Tuesday, 4 April 2017

Beggars and passports!

Today I went running again, even though I was taking the risk that the threatened temporary water cut-off might have come into force, making showering difficult. Yesterday I did not run as the water was supposedly being cut off at 8.30, meaning I would have had to go out to run at 7.30 or even earlier in order to have time to shower afterwards. There are limits to my devotion to fitness!

Today, however, I chose to refuse to be ruled by arbitrary workmen's decisions and followed my normal routine. No problems at all. No water restrictions. Perhaps they underestimated the length of time it would take them to reach our stretch of the street.

As I turned left by the lighthouse roundabout and started to pound my way up the San Joan do Monte hill I realised that someone was waving to me. It looked like a couple of children. Then I realised that it was Soy-Muy-Pobre, who used to be our regular supermarket beggar, and her son. She looks about 16 but I know for a fact that her child is at least 7. So she must be in her twenties, even assuming she was very young when the child was born. Being small, of course, makes her look younger. Her son is almost as tall as she is.

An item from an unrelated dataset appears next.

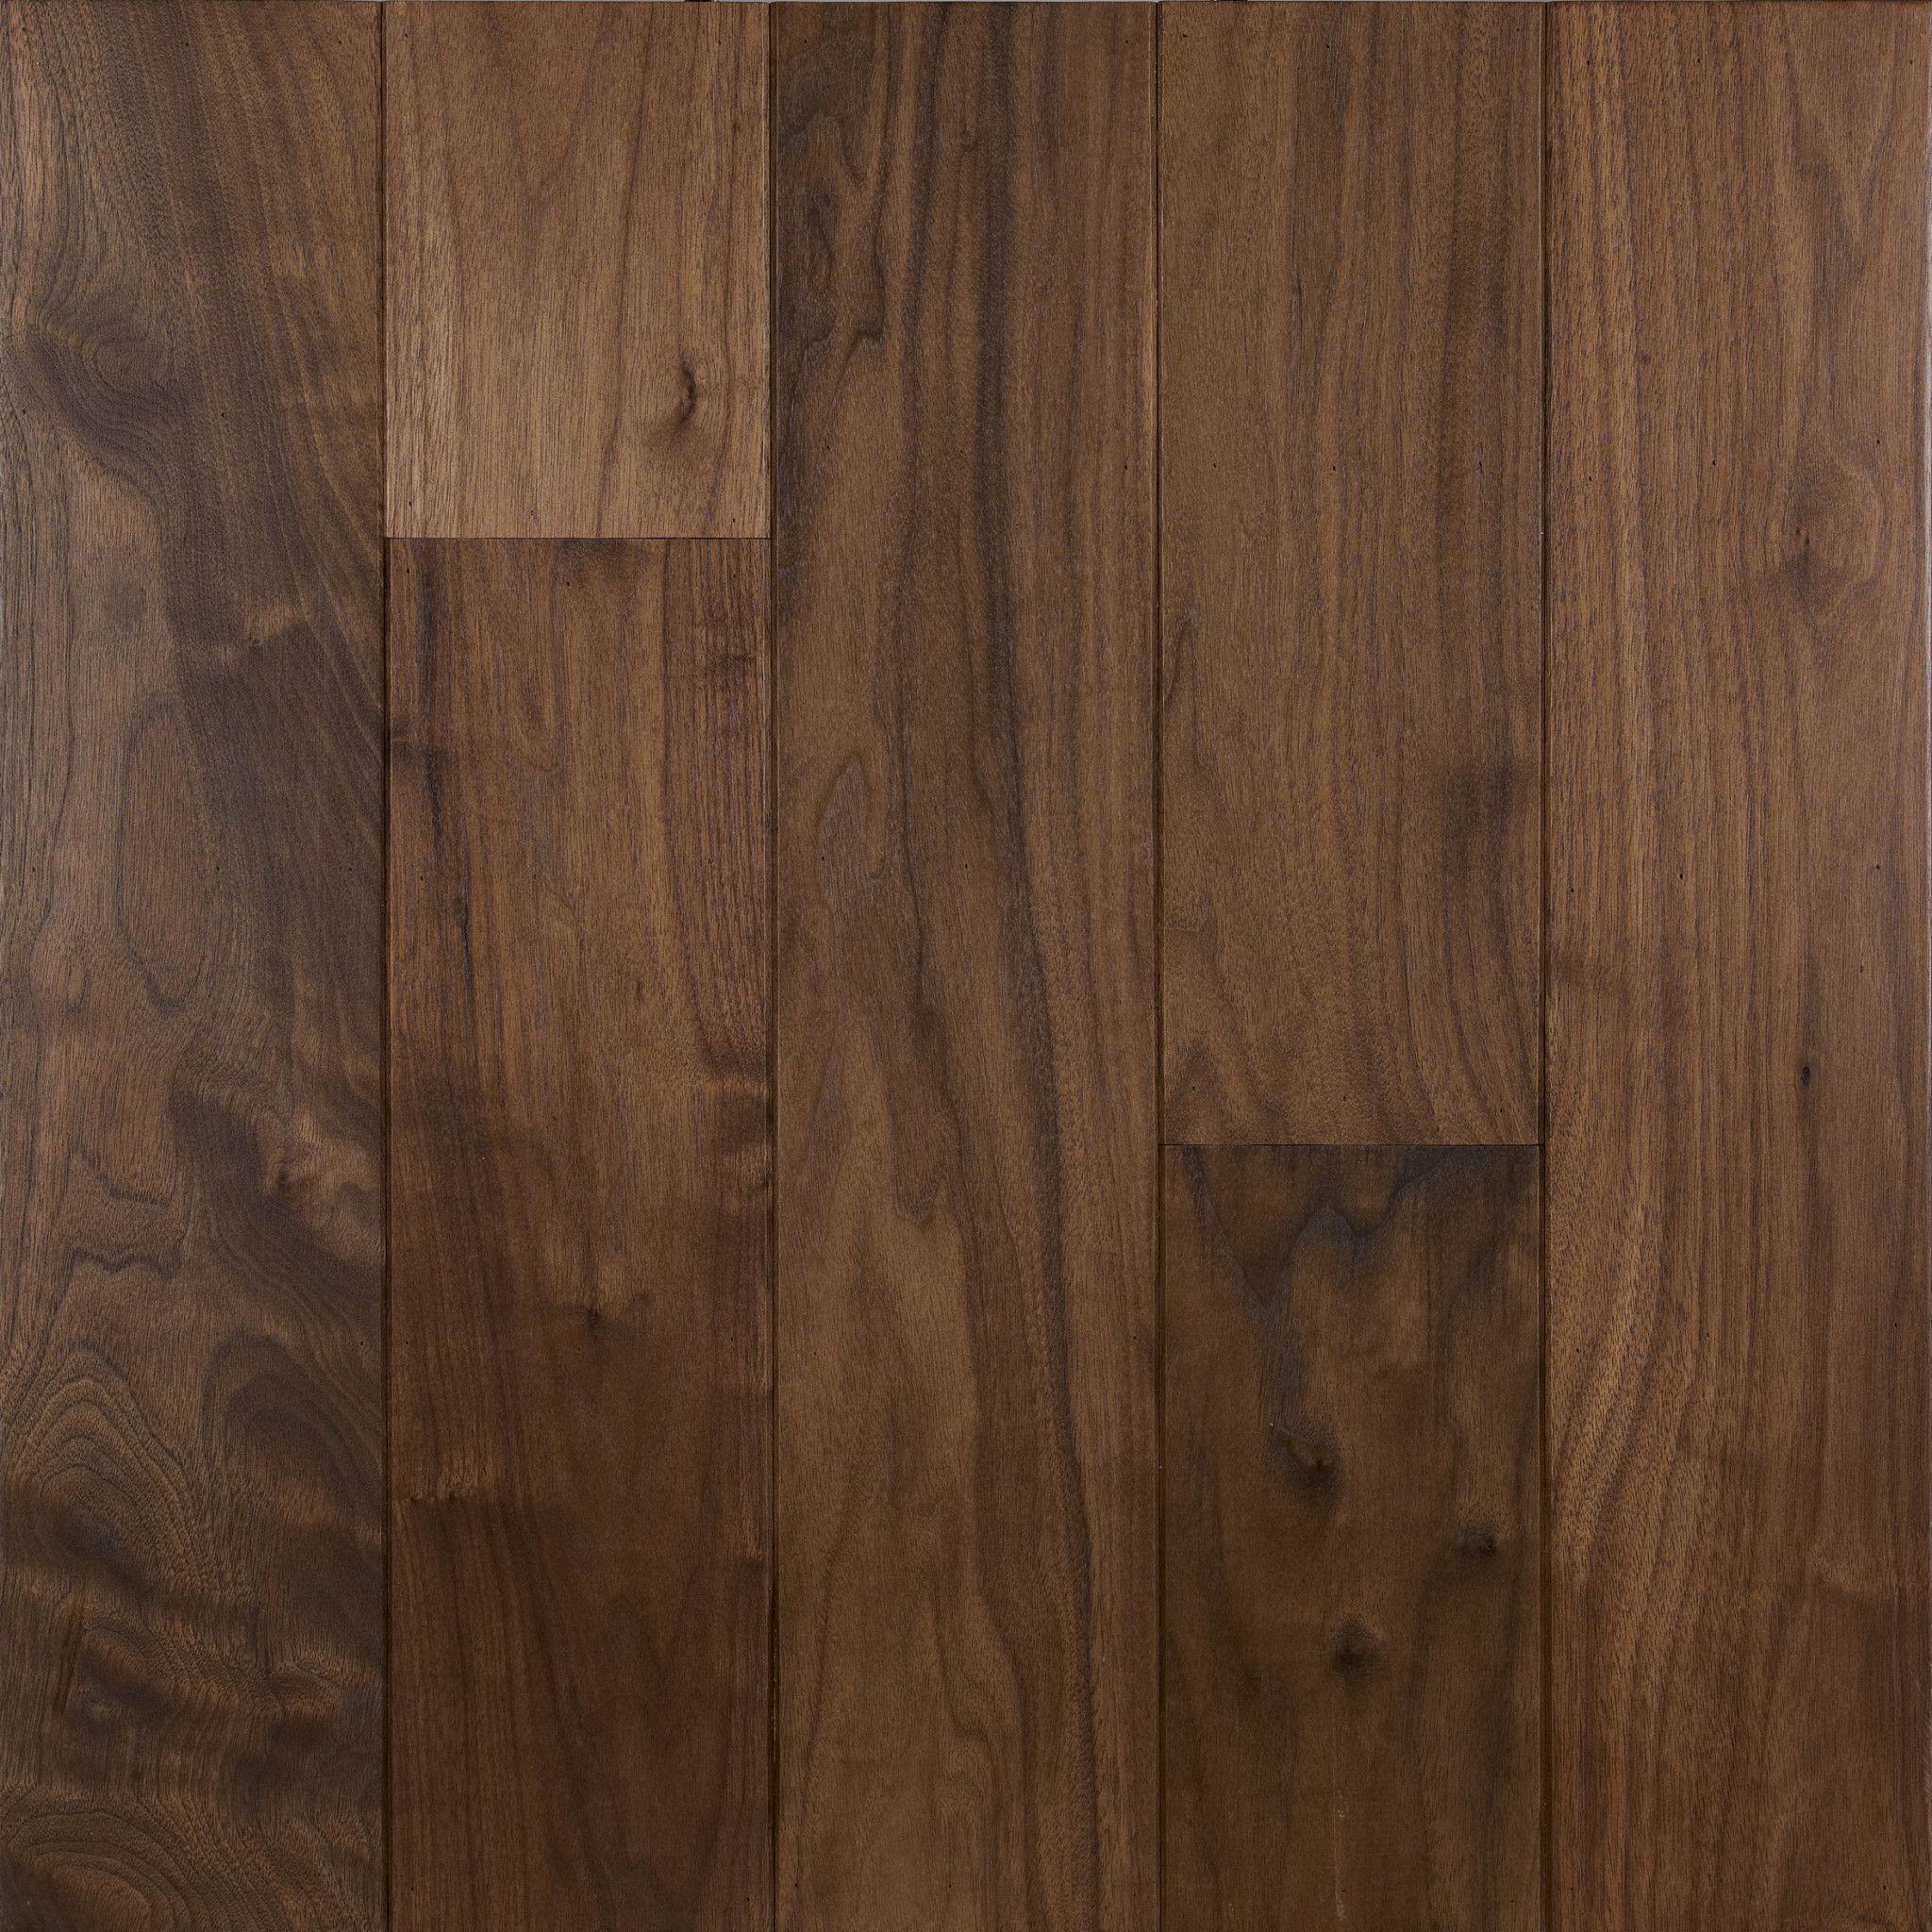 Prefinished American Walnut Natural 3 4 X3 1 4 Belmont

After she had got over the delight of seeing me again - she is always pleased to see me - she told me how she had been outside our Mercadona on Saturday and had wondered if she would see "la seƱora" (me) again. She went on to have a little moan about her son's school being closed this morning, for no apparent reason and without prior notice. (Maybe there water has been cut off instead of ours!) She had walked her son up the hill to the school despite his having a bad cold and being unable to breathe well. The child obligingly sniffed impressively to prove that his mother was telling the truth. All of this she told me in a perfectly normal voice, speaking perfectly comprehensible Spanish. Then, as if remembering that I was a possible source of income, she slipped into her I'm-only-a-poor-little-beggar-girl whine to tell me that she can't afford to take him to the doctor or to buy medicine for him. Did I not have a little something to give her? To which I had to say no. I was out for a run and had no money with me. Maybe next time. I have to say though that and the child looked better dressed than the last time I saw them. Maybe things are looking up for them!

In the cafe yesterday evening, a table near ours was full once again of women talking, not so loudly this time, about everything under the sun. At one point Phil leaned across to me and commented: "I am amazed that the world champion fpr speed chess is not a Spanish woman because these women speak faster than I can think". And he is not wrong; there are some Spanish women who speak at a hundred miles an hour. Maybe they feel the need to say everything before they are interrupted by another member of their group. Which is something that quite often happens. If you pause for breath in such a conversational situation it is generally assumed that you have had your say and someone else can take over. What I want to know is how they speak so fast without tripping over their tongues!!

Nobody here has mentioned Gibraltar to me so far but I see that the nonsense is continuing. Here is a link to an article about it.

One theory is that it is all about national identity. Which is a matter which has some people yearning for the old blue passports that we British folk used to have before our maroon ones stamped with EU at the top of the front cover. According to the Independent newspaper some pro-Brexit MPs have been calling for a return to the dark blue passports and now the Home Office has confirmed that some £500 million will be spent redesigning the passport. They say that this is not because of our leaving the EU but because the current contract for passport design is coming to an end in 2019. What is wrong with just renewing the old contract and simply changing the colour? And why does it have to cost so much? Don't we have schools and hospitals and social services in need of money?

Personally, I couldn't care less what colour my passport is but some people think it is important. Here is a bit of information about our very British passports:

"The blue booklet passport was not introduced until 1920, and it was only issued for 68 years. We’ve had the burgundy version for 29 years – about a third of the time the UK has been issuing passports in book form. Around 24 million people iin the UK under the age of 29 have never held a blue British passport."

The journalist Emma Brockes is quite attached to her burgundy Uk passport. Maybe she is one of those who never had a blue one! Here is her opinion:

"I’ve been lucky enough to have freely lived and worked in both Greece and Austria in the last decade, thanks to that little burgundy document and what it represented. In their quest to restore this visual symbol of British identity, leave voters have diminished what you can achieve with it.

 Nothing says home quite like a red passport."

 She has two children who were born in the USA and would like them to benefit from dual nationality and have a UK as well as a USA passport. But it's not quite so straightforward as she expected it to be: "What, HM Passport Office wants to know, is the depth of the child’s claim to be British? Were the maternal grandparents married? When were they married? Where were they born? Before now, I have taken my nationality entirely for granted and in the face of these questions find myself fighting the urge to ask: what’s it to you?"

Somehow I find that quite disturbing. It smacks of ensuring the "purity of the nation", which is a dangerous concept!

1 comment:

  1. If you were born before 1983 then things are really straight forward but after that it gets complicated and you need to check out "being a British citizen". I remember there was a big shake up and caused a lot of concern.